In the present study, in Al-Khumrah, the mean infection concentration of Cu is 141.12 mg/kg (gill), 88.74 mg/kg (intestine), 188.70 mg/kg (liver), 94.50 mg/kg (muscles) while the non- infection concentration of heavy metal is 194.99 mg/kg (gill), 82.76 mg/kg (intestine), 190.88 mg/kg (liver), 87.20 mg/kg (muscles). In Al-Mustorah, the mean infection concentration of heavy metal is 50.98 mg/kg (gill), 85.14 mg/kg (intestine), 233.30 mg/kg (liver), 37.81 mg/kg (muscles), while the non- infection concentration of heavy metal is 46.94 mg/kg (gill), 64.90 mg/kg (intestine), 205.25 mg/kg (liver), and 23.48 mg/kg (muscles). In this present study, highest mean concentration of Cu has been found in liver that has been endorsed by the study of Ali et al. (2011) having found the highest metal concentration in liver of Siganus rivulatus . The highest mean concentration of Zn, in the present study, has been also found in liver. However, the findings in this study with Zn contradict with the study by Abul-Naja (1996) which has found highest concentration of Zn in kidney, and then in intestine and then in liver. Abul-Naja (1996) has also found the concentration of Zn to be more than Cd, Cu, and Pb which is not the case in the present study. Highest concentration of Pb has been found in intestine (Al-Khumrah) and liver (Al-Mustorah).

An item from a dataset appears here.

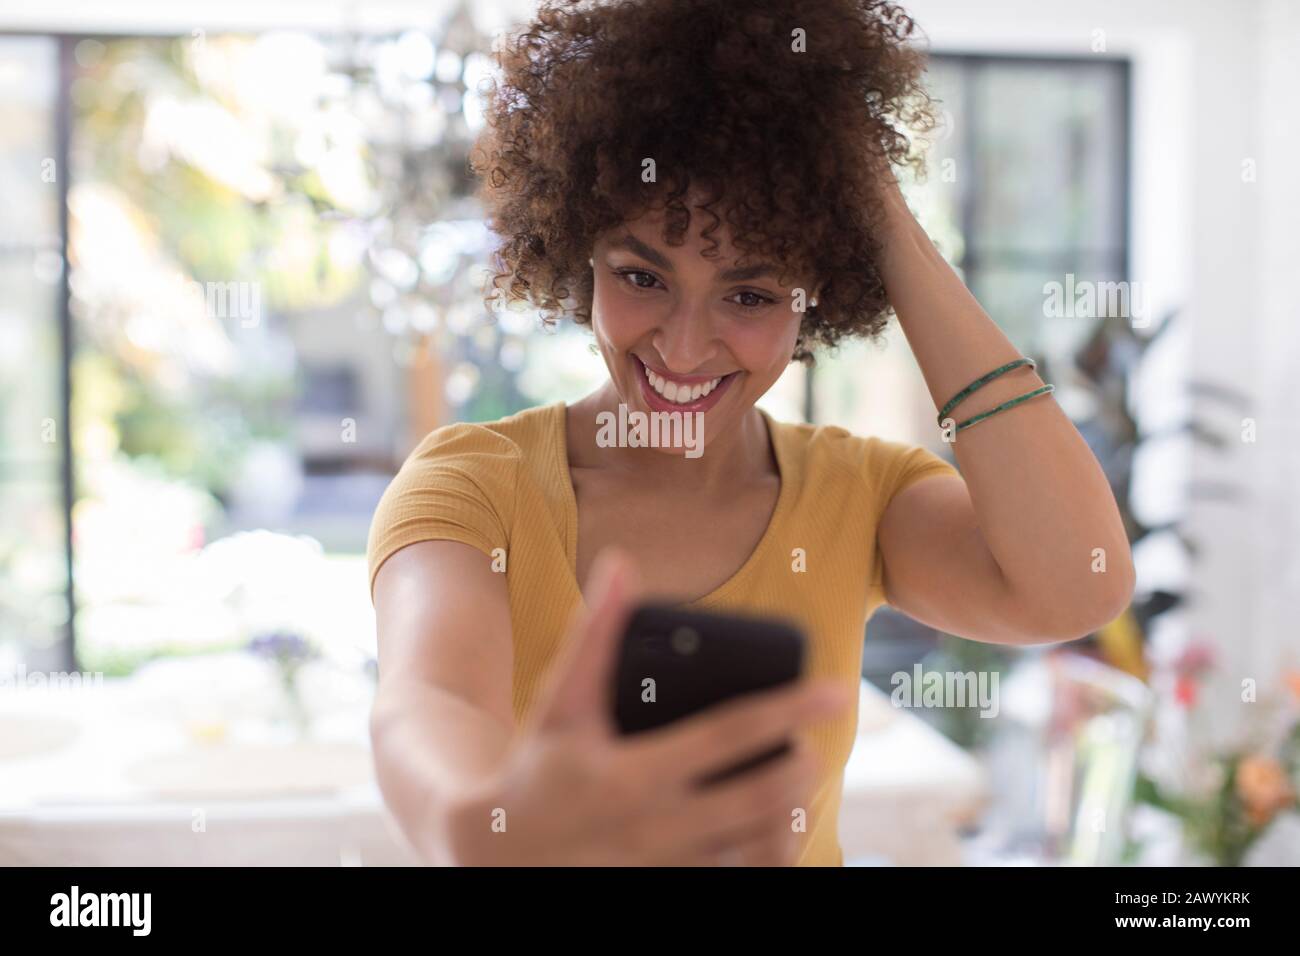 Confident smiling young woman taking selfie with camera phone Stock Photo

The Pb’s highest concentration has been found in intestine and kidney in emperor fish, L. mahsena. Little accumulation of Pb has been recorded by Moore and Rammamoorth (1984) in the muscles of freshwater and marine fish species. The Pb of low concentration has been found in the marine fishes’ muscles in the coastal areas of Wales and England

Mn has been found to have the highest concentrations in gills in both Al-Khumrah and Al-Mustorah in the current study. Delving into the previous studies, Mn of higher concentrations have been recorded in the liver, gill, and muscles in samples collected in the site of Al-Kumrah. Thus, the previous studies somewhat endorses the current study in this respect.

In general, there is interference of the worms with the regulation, uptake, metabolism, and absorption of the host of the mineral elements. The nourishment and penetration of the host tissues have the occurrence by proteinases such as the secretion of metalloproteinases by plerocercoids, cercariae, adult trematodes, and adult nematodes (Dzik, 2005). In accordance with it, the helminth’s presence can be altering the fish’s metabolic and physiological function (Azmat et al., 2008).

The host and its parasite compete for a number of elements such as Zn, Fe, and Cu. The immunological responses of the host are affected by the parasite with the secretion of cytokine, neuropeptides, or hormones such as factors or molecules directly altering the hormone levels of the host.

The intestinal parasites gets more metals in comparison to the parasites that inhibits the fish body’s other parts. Oyoo-Okoth et al. (2012) have been suggestive that there is interference of cestodes with the role of metal detoxification on the host of metallo-proteins where the metal binding proteins are absorbed with a number of proteins and lipids that have requirement for the metabolic needs. This also explains why in the infected fish the increase of some metals has been compared to the ones that are non-infected.

Nematoda had higher Cu (101.41±47.59 µg/l vs 53.99±38.15 µg/l) and Mn (118.12±20.28 µg/l vs 102.53±36.53 µg/l) concentration compared to Acanthocephala. Nickel concentration was similar in both parasites (0.63 µg/l). Lead and zinc concentration was higher in Acanthocephala than Nematoda.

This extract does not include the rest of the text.